_Goal of the exercise_
No pictures should be carried over. Output all other parts of the entries verbatim.

_Data excerpts_
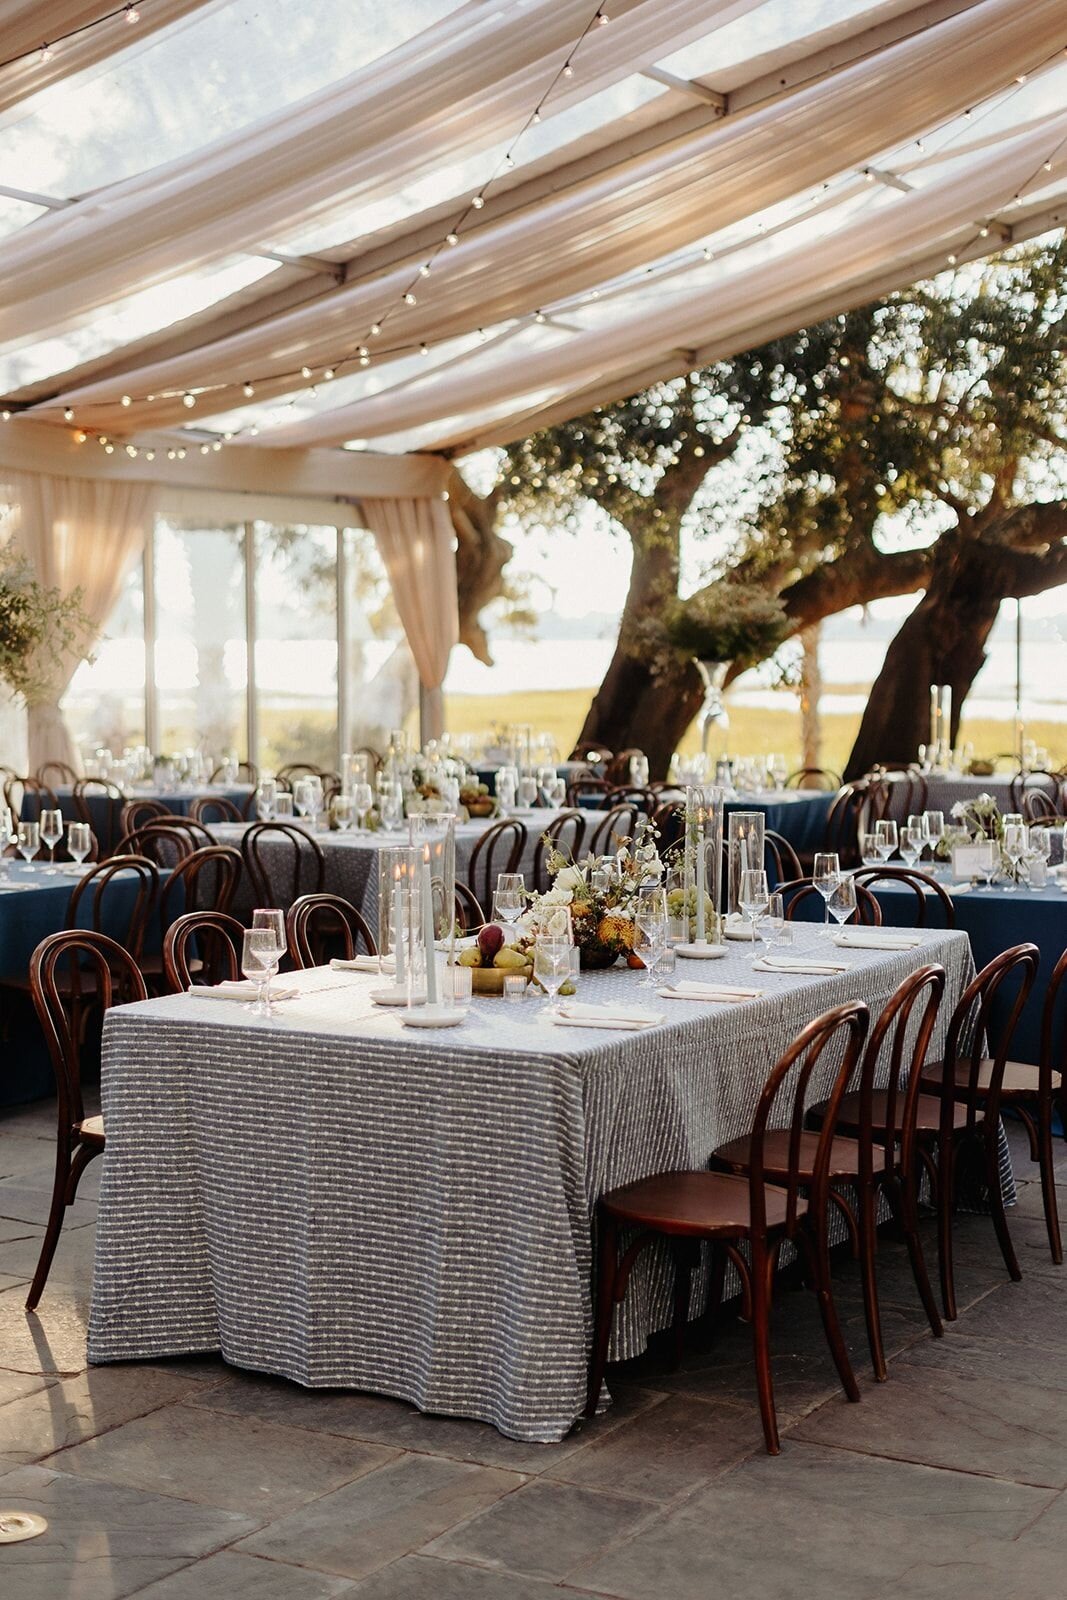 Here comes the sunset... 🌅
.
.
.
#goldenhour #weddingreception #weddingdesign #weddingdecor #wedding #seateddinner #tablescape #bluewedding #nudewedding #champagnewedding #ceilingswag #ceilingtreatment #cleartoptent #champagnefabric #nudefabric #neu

_Result_
 Here comes the sunset... 🌅
.
.
.
#goldenhour #weddingreception #weddingdesign #weddingdecor #wedding #seateddinner #tablescape #bluewedding #nudewedding #champagnewedding #ceilingswag #ceilingtreatment #cleartoptent #champagnefabric #nudefabric #neu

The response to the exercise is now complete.